Become a Member
Life

Interview: Thomas Friedman

Why journalism’s Mr Big backs Obama

October 23, 2008 12:03
Thomas Friedman is calling for an ecological revolution. He is giving qualified support for Barack Obama as “the only green candidate”

ByDavid Herman, David Herman

5 min read

Thomas Friedman is the most famous journalist in the world. Bar none. It is not because he has won the Pulitzer Prize three times. Nor because he has written five books, some of them big bestsellers. Friedman is so influential because he writes a foreign affairs column which appears twice a week in The New York Times and which is syndicated to 100 other newspapers worldwide.

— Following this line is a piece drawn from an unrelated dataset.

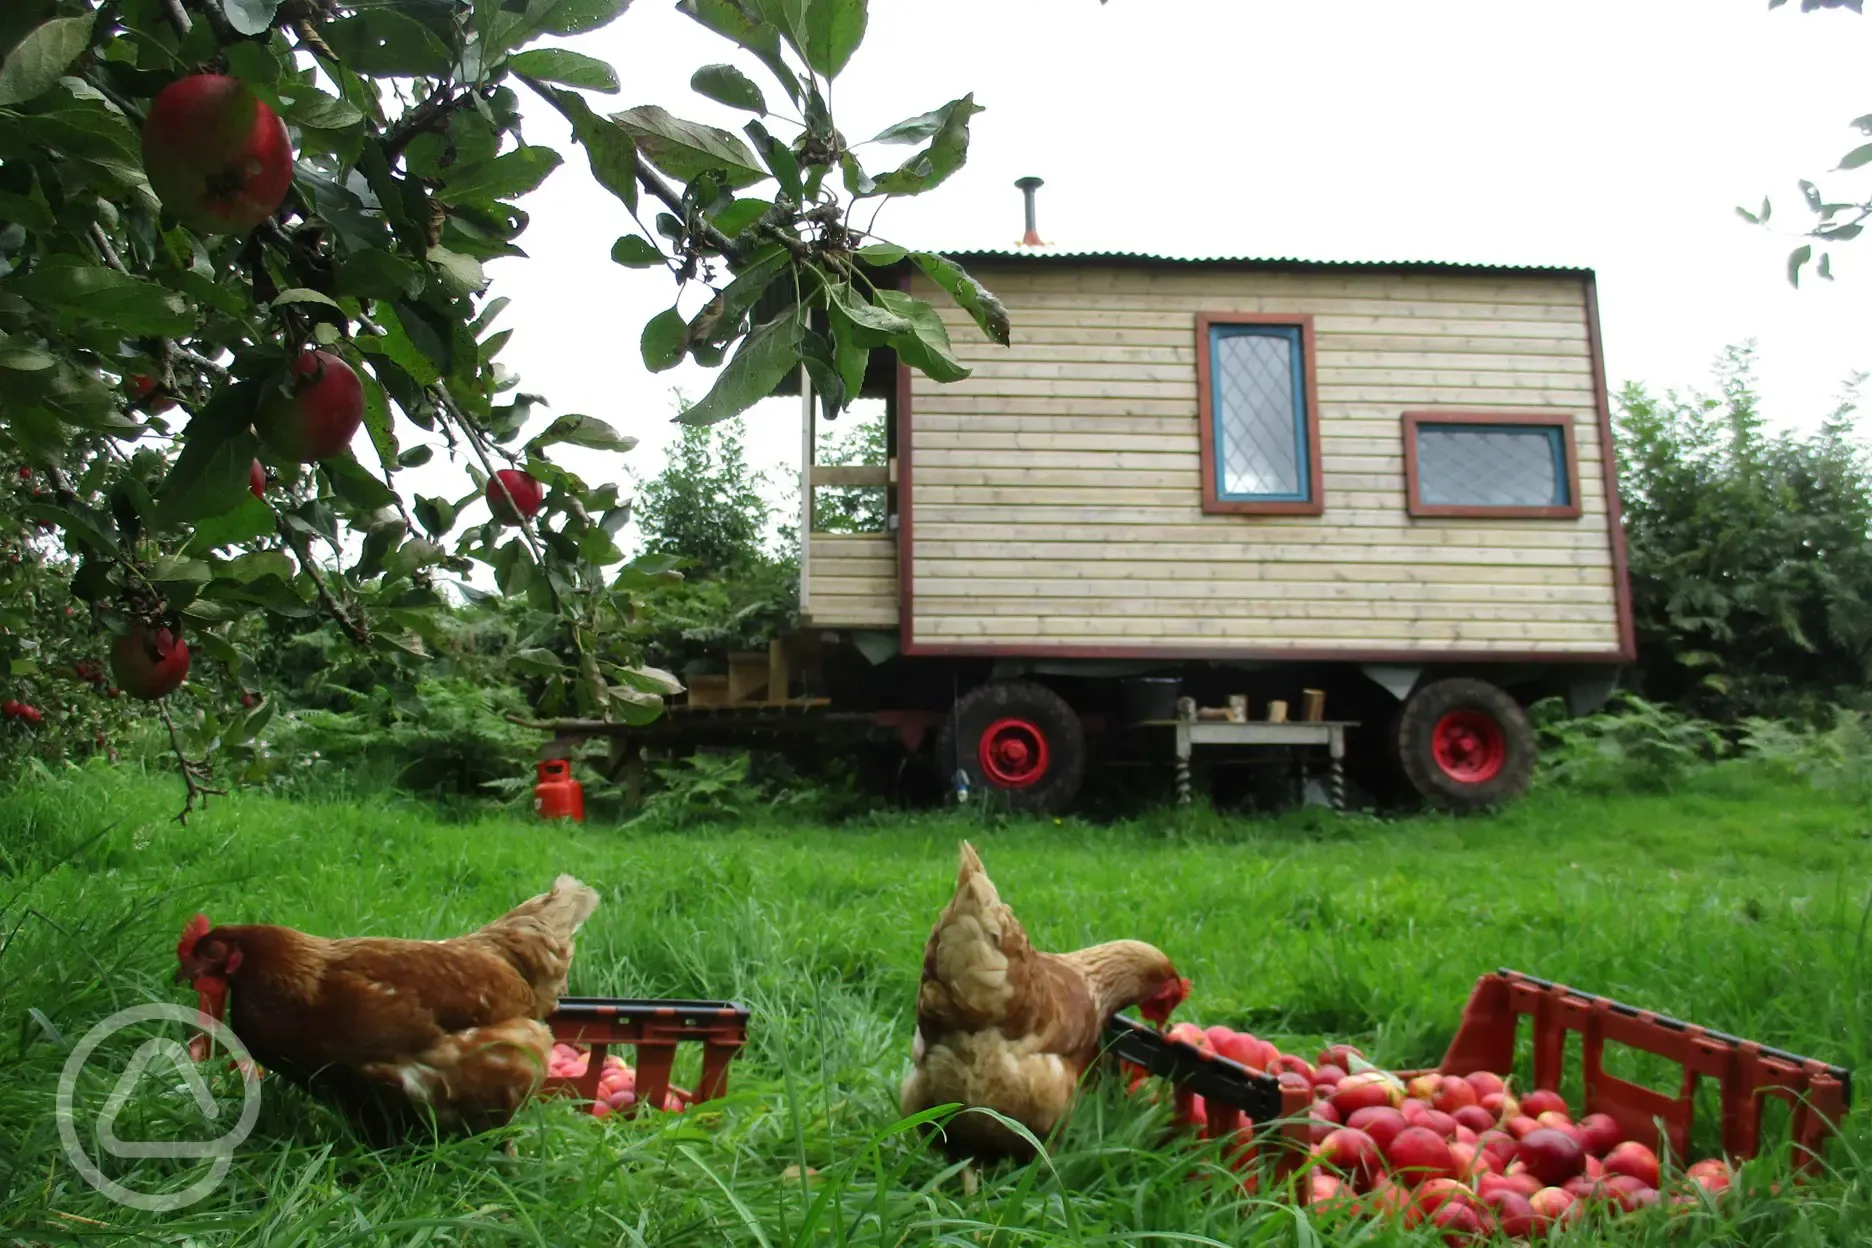 Orchard wagon

Friedman is read from Cairo to Cape Town; from LA to Shanghai.

There is another reason, perhaps just as important. Friedman thinks big. He takes on big ideas - Globalisation, Terrorism and now the Environment. His book, Globalisation, The Lexus and the Olive Tree (1999), caught the moment of optimism after the end of the Cold War. He knew something was changing, all over the world, and wrote about it in clear prose, full of vivid images and catchy stories.

So was there was a moment when he began to realise that we needed a green revolution? He paused. "The eureka moment," he said, "was when I begin to think about ‘flat meets crowded'."

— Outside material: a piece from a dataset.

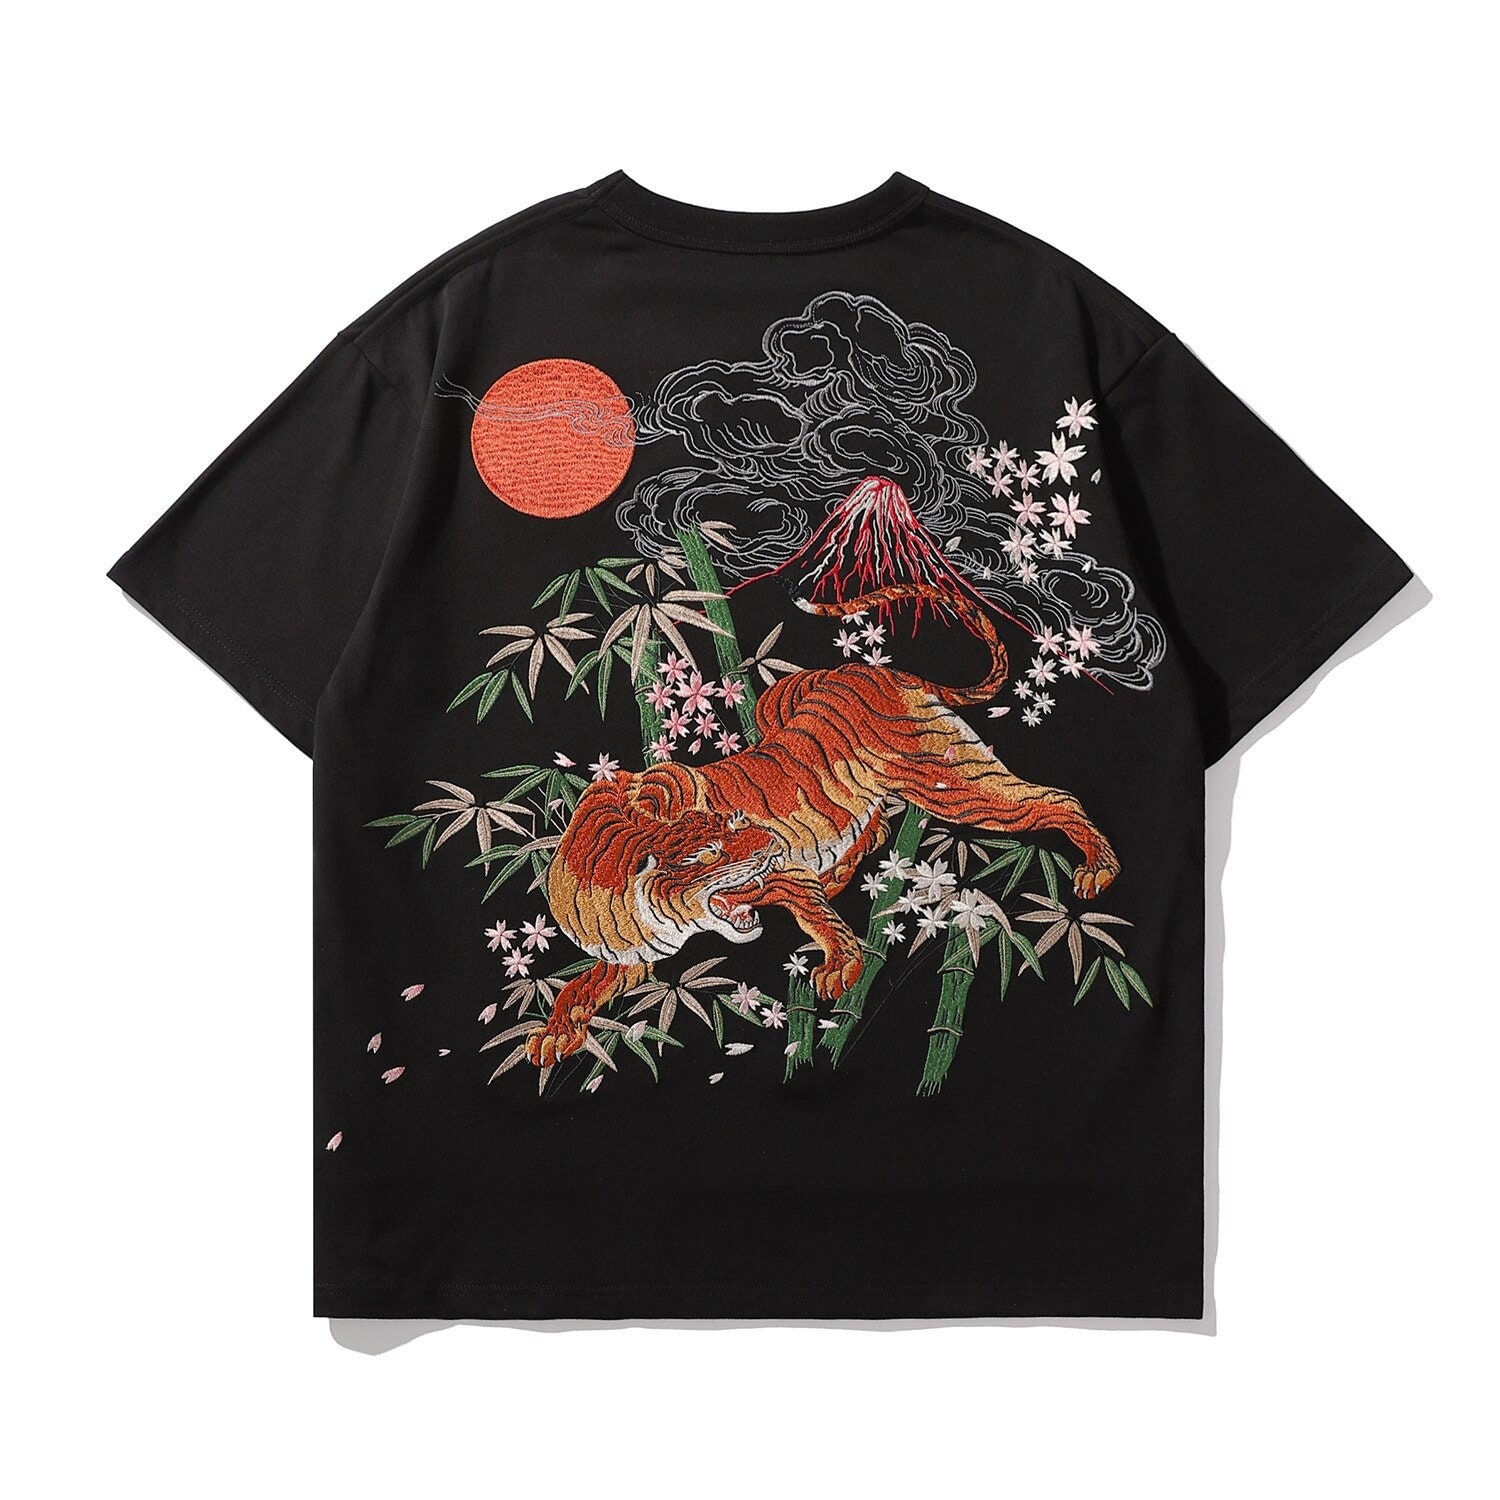 Japanese Streetwear Tiger In The Jungles Embroidery Tee Shirt Harajuku Urban Fashion Summer Black Short Sleeve T Shirt

This is typical Friedman. Some people have an idea. Friedman has "eureka moments". And that usually involves grasping a very complicated new reality, something which is going on all over the world, right now, and then finding a phrase for it. For globalisation, it was the Lexus and the olive tree, new technology and old tradition. For "the green revolution" (another Friedman phrase) it is "hot, flat, and crowded."